Why do you support the goals of App Camp?
I think one of the most important ingredients required to build good software is empathy. If you want to make something that’s useful or enjoyable for most people, you have to be able to understand most people. And if a team that is building software is comprised of only a certain type of person, that means that it might only work for people like them.
I support the goals of App Camp for Girls because I think it’ll lead to better diversity and therefore better software, in addition to increasing opportunities for girls who are interested in technology.
What do you recommend to those who want to support more diversity in tech?
I absolutely think that nurturing the curiosity of those in underrepresented groups as App Camp does is a great start!
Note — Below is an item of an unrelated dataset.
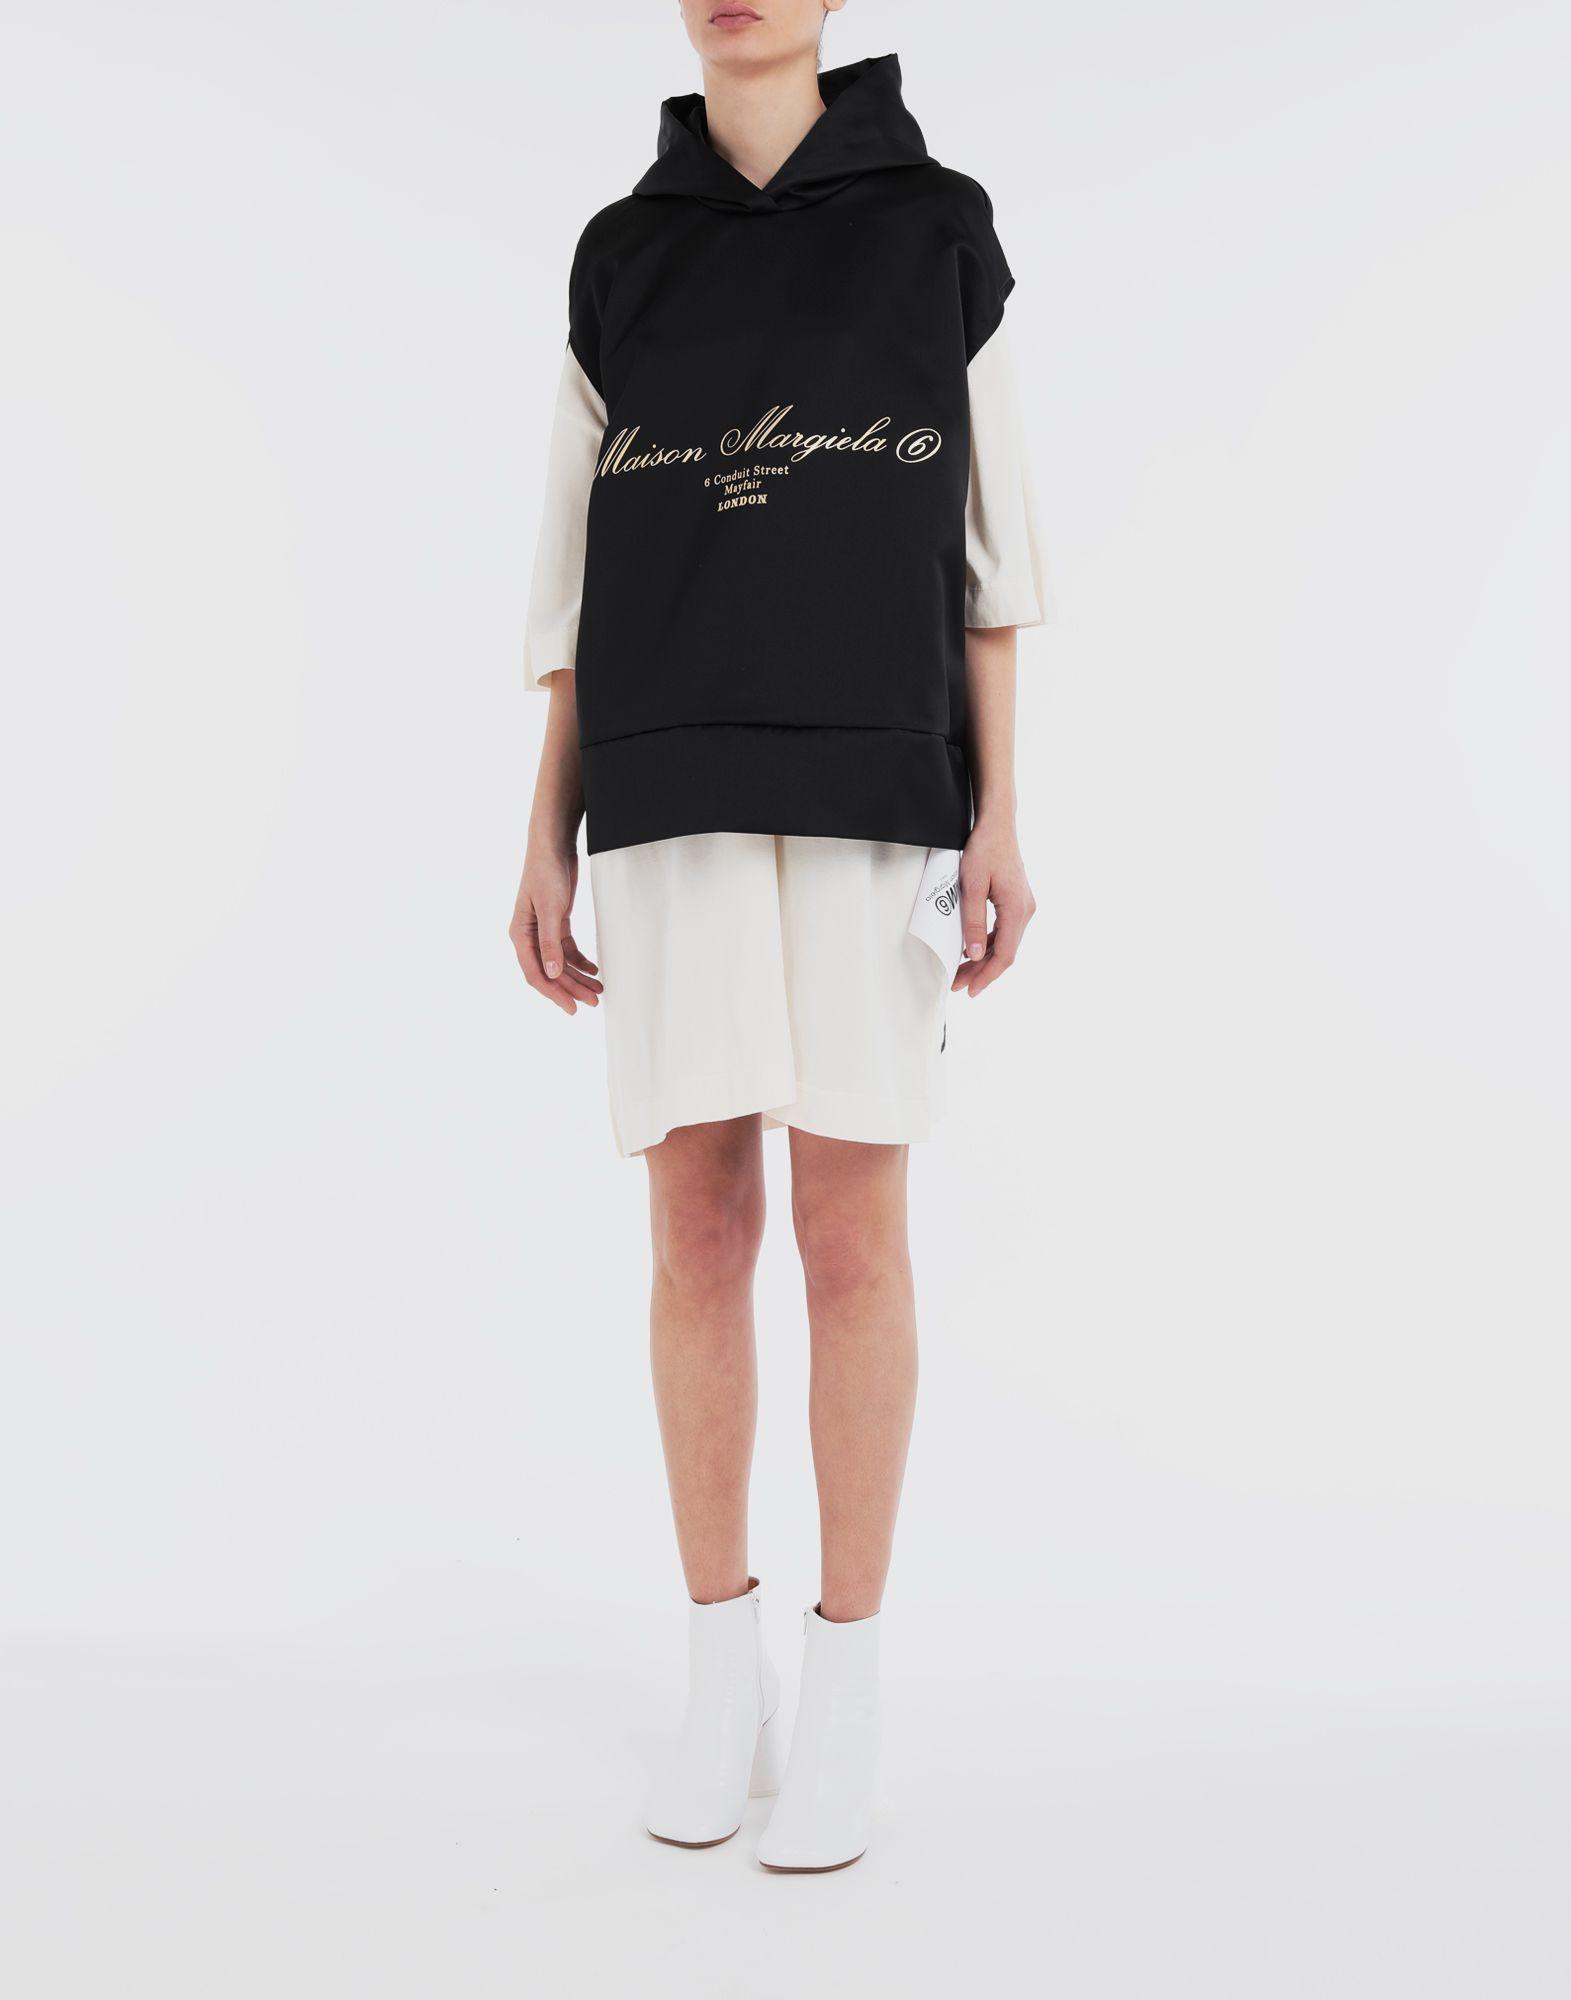 MM6 MAISON MARGIELA Charity AIDS-print dress Short dress Woman d

One thing I’ve seen companies use as a way to reject otherwise qualified candidates is the “culture fit” metric. It’s totally subjective and can be a proxy for ageism, racism, sexism, nationalism, you name it. I would suggest thinking long and hard about whether what you consider a “culture fit” is really just a similarity ranking. If so, maybe flip it around and ask how a person’s unique differences might make your team stronger rather than reinforcing an already existing bias or behavior.
How can technology be a force for good?
I’ve always loved the quote about how a computer is like a bicycle for your brain. Of course, we hardly talk about computers themselves and more about what services and devices can do for us. I think technology can be a force for good in that it helps connect us to a broader world than what we had access to before. That in itself isn’t good or bad (more accurately it’s both) but I do think that there is more potential to improve quality of life through connectedness.